Parry, who broke many key stories related to the Iran-Contra scandal in the 1980s and beyond, was tipped off by a U.S. intelligence source about a joint U.S.-Israel plan to have Ben-Menashe first be denied entry to the United States on his planned trip to give congressional testimony. Per the plan, Ben-Menashe would be denied entry to the U.S. in Los Angeles and then be deported to Israel, where he would have stood trial for “exposing state secrets.” Parry called Ben-Menashe and convinced him to delay his flight until he secured a guarantee for safe passage from the U.S. government.
Ben-Menashe subsequently gave a sworn statement to the House Judiciary Committee that mostly focused on U.S.-Israel collusion regarding the theft and creation of a “backdoor” into the PROMIS software. Ben-Menashe offered to name names and provide corroborating evidence for several of his claims if he was offered immunity by the committee, which, for whatever reason. declined that request.
Prior to the conclusion of the Hersh “libel” trial, which would later uphold Ben-Menashe’s claims regarding Robert Maxwell’s Mossad activities as true, there was a concerted effort in the U.S. press to downplay Ben-Menashe’s credibility. For instance, Newsweek — in an article on Ben-Menashe entitled “One Man, Many Tales” — claimed that “inconsistencies may undermine Ben-Menashe’s testimony in the British courtroom proceedings,” citing inconsistencies from sources in Israel’s government and Israeli intelligence as well as Ben-Menashe’s ex-wife and Israeli journalist Shmuel (or Samuel) Segev, a former IDF colonel. It goes without saying that such sources had much to gain from any effort to discredit Ben-Menashe’s claims.

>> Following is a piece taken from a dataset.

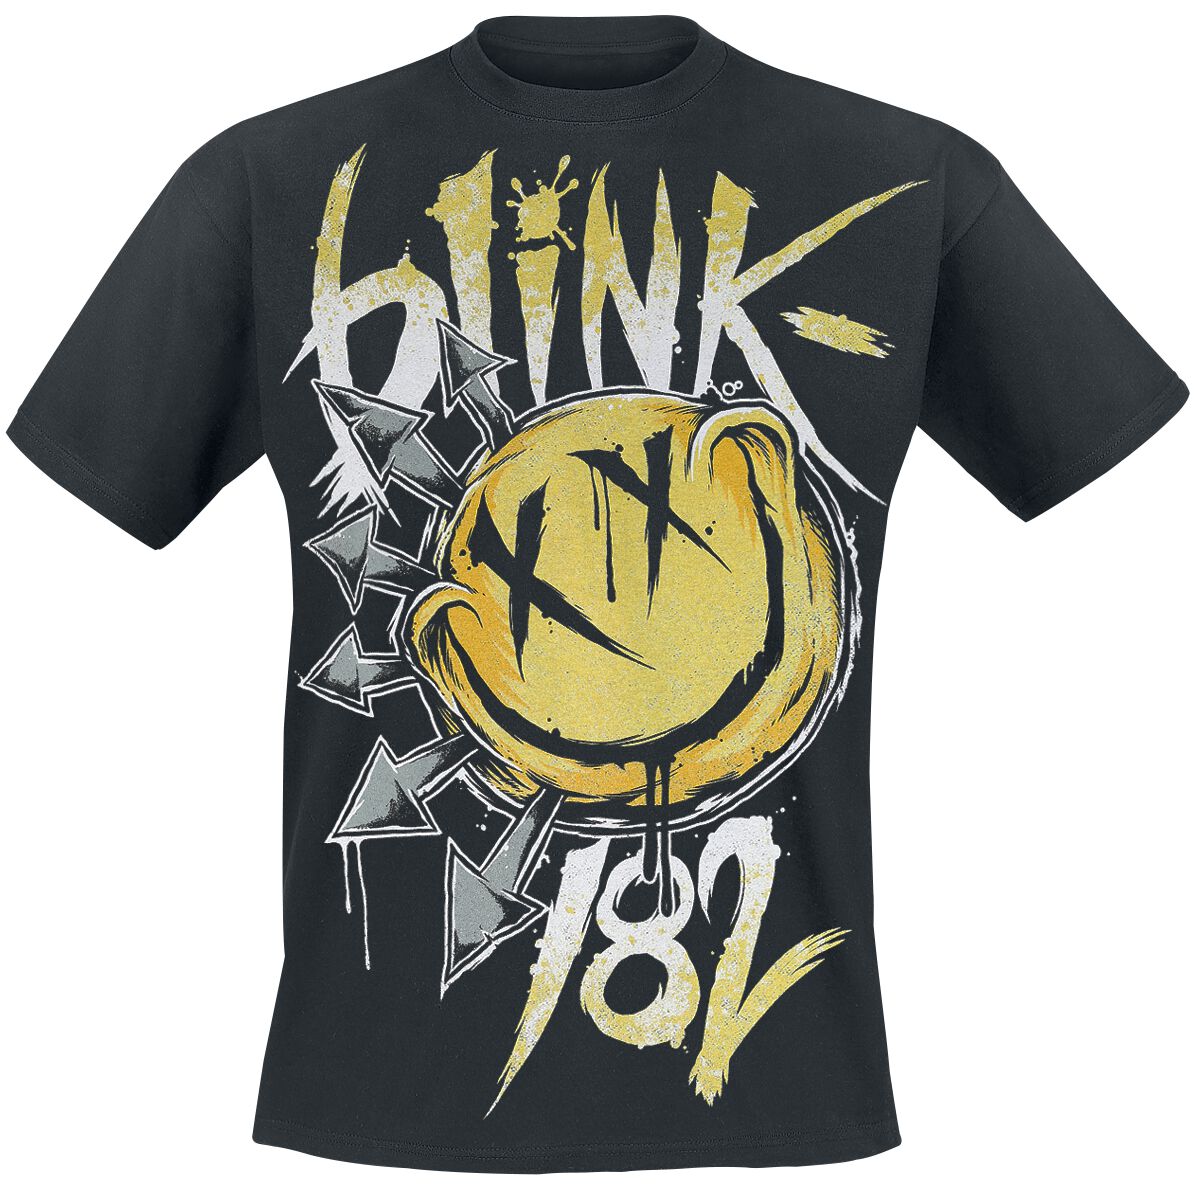 Blink-182 T-Shirt - Big Smile - S bis XXL - für Männer - Größe S - schwarz  - Lizenziertes Merchandise!

According to Parry, this media campaign, which employed American journalists with close ties to Israel’s government and intelligence agencies, was very successful “in marginalizing Ben-Menashe by 1993, at least in the eyes of the Washington Establishment.” After a years-long media campaign to discredit Ben-Menashe, “the Israelis seemed to view him as a declining threat, best left alone. He was able to pick up the pieces of his life, creating a second act as an international political consultant and businessman arranging sales of grain.” The effort to marginalize Ben-Menashe has continued well into recent years, with mainstream news outlets still referring to him as a “self-described ex-Israeli spy” — despite the well-documented fact that Ben-Menashe worked for Israeli intelligence — as a means of downplaying his claims regarding his time in Israel’s intelligence service.
After the conclusion of the Hersh libel trial, Ben-Menashe became an international political consultant who “surrounded his far-flung business activities in secrecy and got involved with some controversial international figures, such as Zimbabwe’s leader Robert Mugabe,” and
“conducted his international consulting business … in a wide variety of global hotspots, including conflict zones,” according to Parry. In addition to Mugabe, Ben-Menashe has also recently come under fire for his consulting work on behalf of Sudan’s military junta and Venezuelan opposition politician Henri Falcón.
Ben-Menashe has also maintained ties to several different intelligence services and eventually became a controversial whistleblower whose information led to the arrest of the former head of Canada’s Security Intelligence Review Committee, Arthur Porter.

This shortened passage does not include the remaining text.